Thursday, October 20, 2011

Cramming for Tough Mudder

With Tough Mudder just four days away, I'm down to my last couple of workouts.  On Friday and Saturday, I'm not going to do anything strenuous.  I might go for a jog on Friday, but Saturday is going to be spent getting to the event and checking into our apartment at Wintergreen.

Here's what I've done over the past few days:

I missed logging a day from last week:
10/10:  I went into the gym that night to do a basic workout.  I focused on lifting weights.  I don't remember everything I did, but I do remember doing M100s, barbell complexes, and working on my back and chest.

10/14: I worked out at the gym.  I changed things up a bit and did several Near Muscle Fatigue exercises.  I used a barbell with 20 lbs on it.  I did bicep curls, flat bench press, and shoulder press.  I also worked on my core with crunches, planks, leg lifts, etc. 

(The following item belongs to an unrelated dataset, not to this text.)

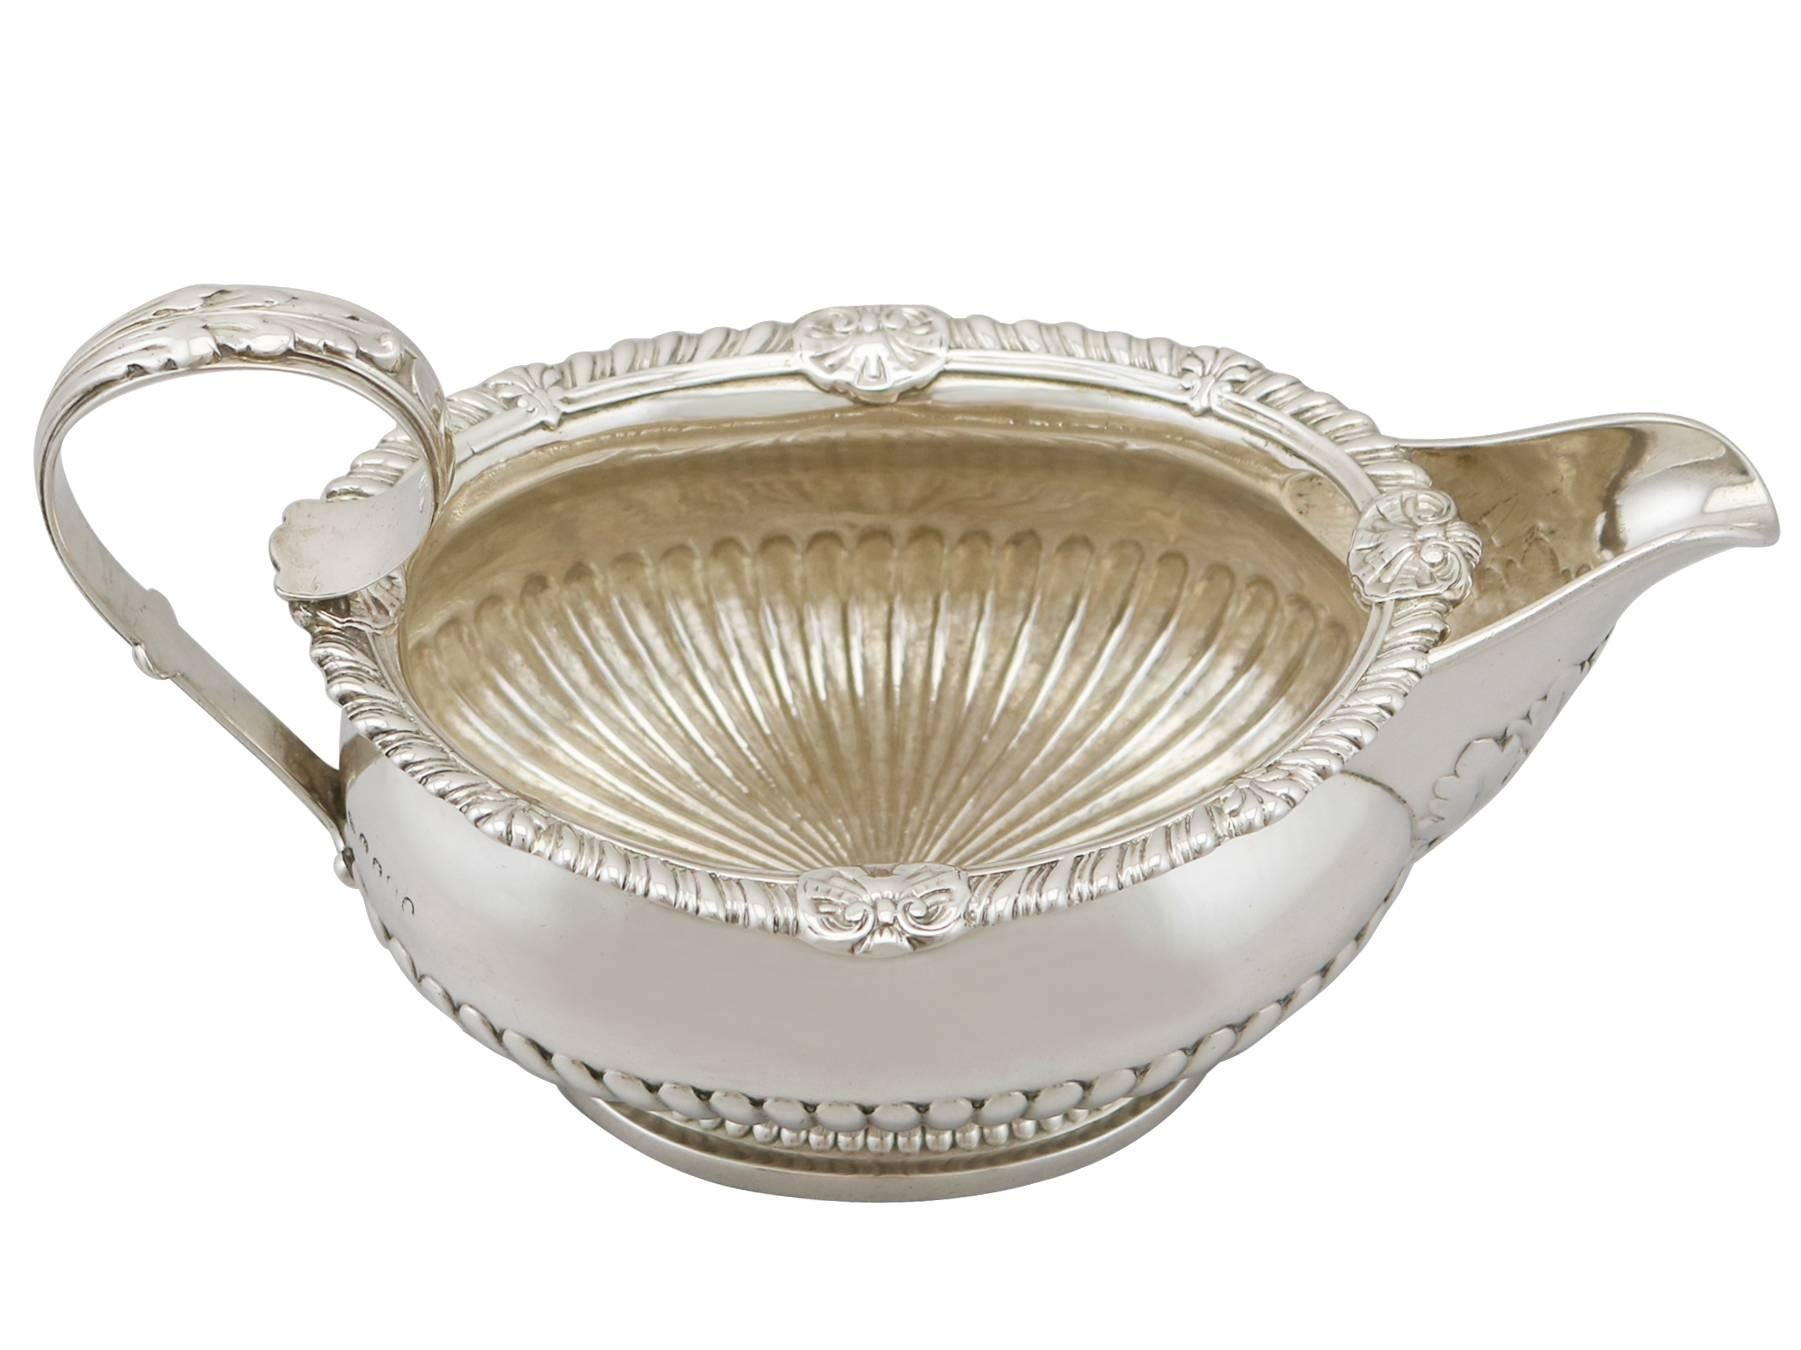 An exceptional, fine and impressive antique George III English sterling silver cream jug made by Paul Storr; an addition to our Georgian silver teaware collection.

This exceptional antique George III sterling silver cream jug has an oval rounded

10/15: I did the 5-mile loop around Lake Habeeb.  I started to go around a second time, for a full ten miles, but just couldn't see my knees making the trip.  I did the first 5 miles in about 54 minutes.  I'm really hoping that the obstacles throughout Tough Mudder will allow me opportunities to give my knees a break.  Based on the course they have up on the website, I might just get lucky.

10/18:  I really don't think I took two days off, but I can't remember what I did either Sunday or Monday, so all I've got is Tuesday.  I worked out at the gym.
  1. Dumbbell Curls, 30 lbs each, 10 reps, 3 sets.
  2. Dumbbell shoulder press, 15 lbs each, 10 reps, 3 sets.
  3. Dumbbell tricep extensions, 15 lbs, 10 reps, 3 sets.
  4. Dumbbell shoulder raises, 15 lbs each, 10 reps, 3 sets.
  5. Dumbbell flat bench, 45 lbs each, 10 reps, 3 sets.
  6. Dumbbell row, 80 lb dumbbell, 10 reps, 3 sets.
  7. Core: crunches, leg raises.
10/19: Last run.  3.64 miles in 34 minutes.  I ran with my Minimus shoes, and spent about a third of the run on the front of my feet.  My calves are killing me, but my knees aren't.  I feel like I'm damned if I do and damned if I don't.  Again, hoping that obstacles allow me to use different muscles and give some things, particularly my knees, breaks (albeit brief).